And you're right. I've never asked for a referral fee, not even when my purchase was in excess of 1 mm. But just b/c I wouldn't/didn't does not make me think that anyone else shouldn't. It just never occurred to me. It would now. LOL!

I disagree wholeheartedly with your assertion that a relationship is formed at first meeting. I've met a lot of realtors that I actually spoke with, met with, looked at things with and we didn't connect and there is no relationship there.
Oh, but there was a relationship there. It was brief and just didn't work out.
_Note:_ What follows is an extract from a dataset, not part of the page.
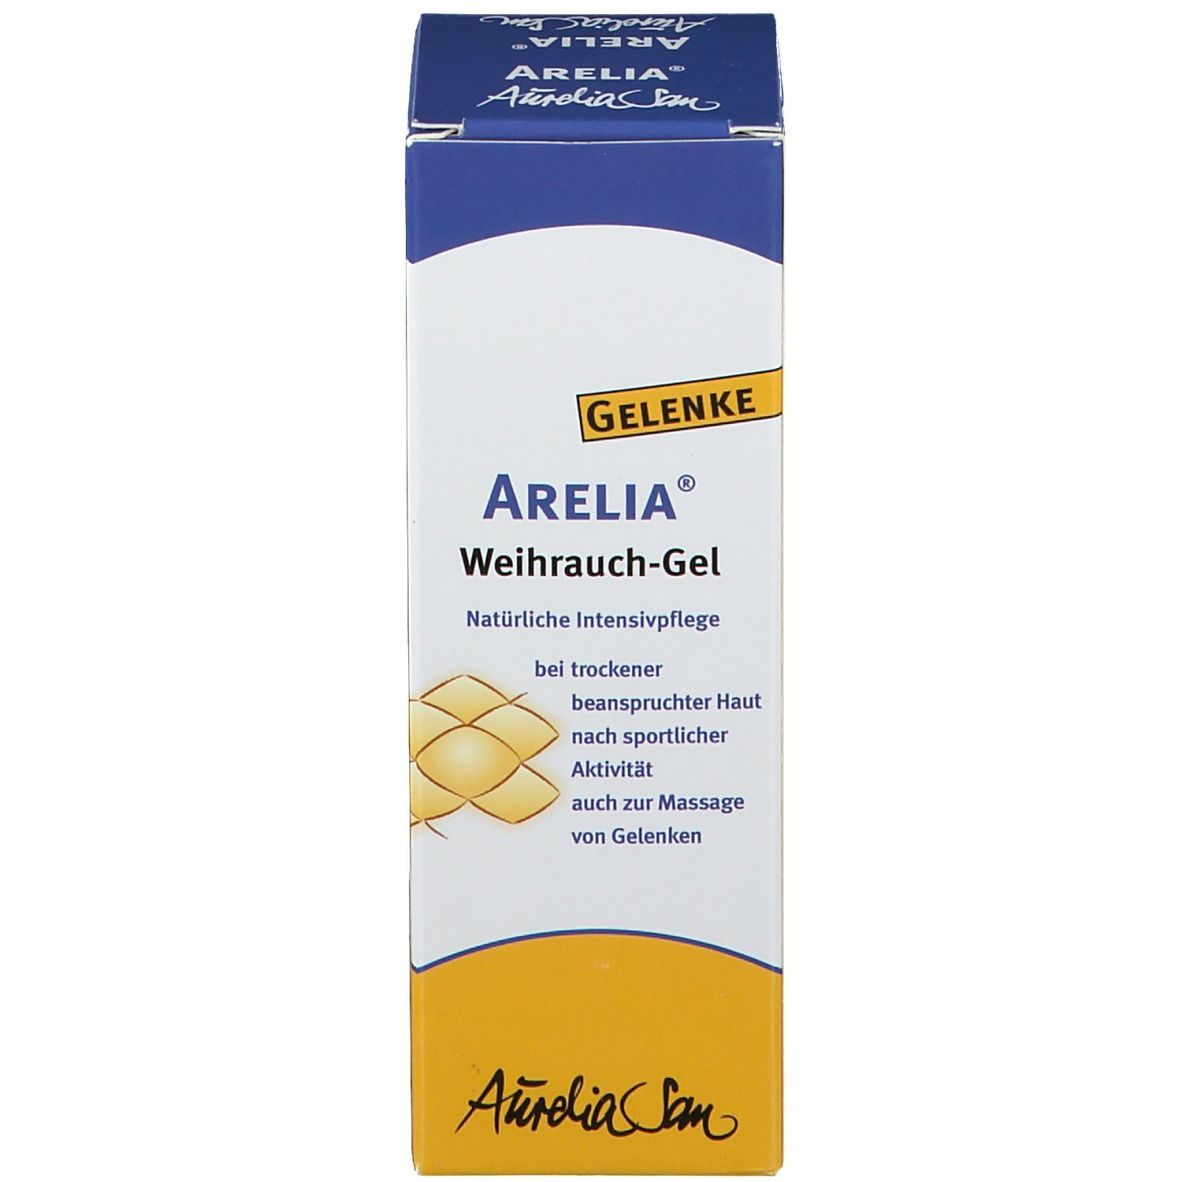 Arelia® Weihrauch-Gel

It may have not worked out even more quickly if you had thrown a 25% referral on the table.


Quote:
Originally Posted by MsFancyPants View Post
You must not mistake what you expect to be the norm or professional for someone else.
Maybe my error in expectation of professionalism where none is required...
I know that the OP, DMenscha is a member of NAR.
And, from the NAR COE:

Standard of Practice 3-7
When seeking information from another REALTOR concerning property under a management or listing agreement, REALTORS shall disclose their REALTOR status and whether their interest is personal or on behalf of a client and, if on behalf of a client, their representational status.

Of course, I do not know if the other agent is a REALTOR and maybe should not have expectations of that level of ethical behavior.
Of course, the "...'we do it all the time agent to agent' (In CA fees are paid broker to broker and not salesperson to salesperson) " is somewhat telling, unless there are other circumstances that would waive the law. I didn't get that impression from DMenscha's tale.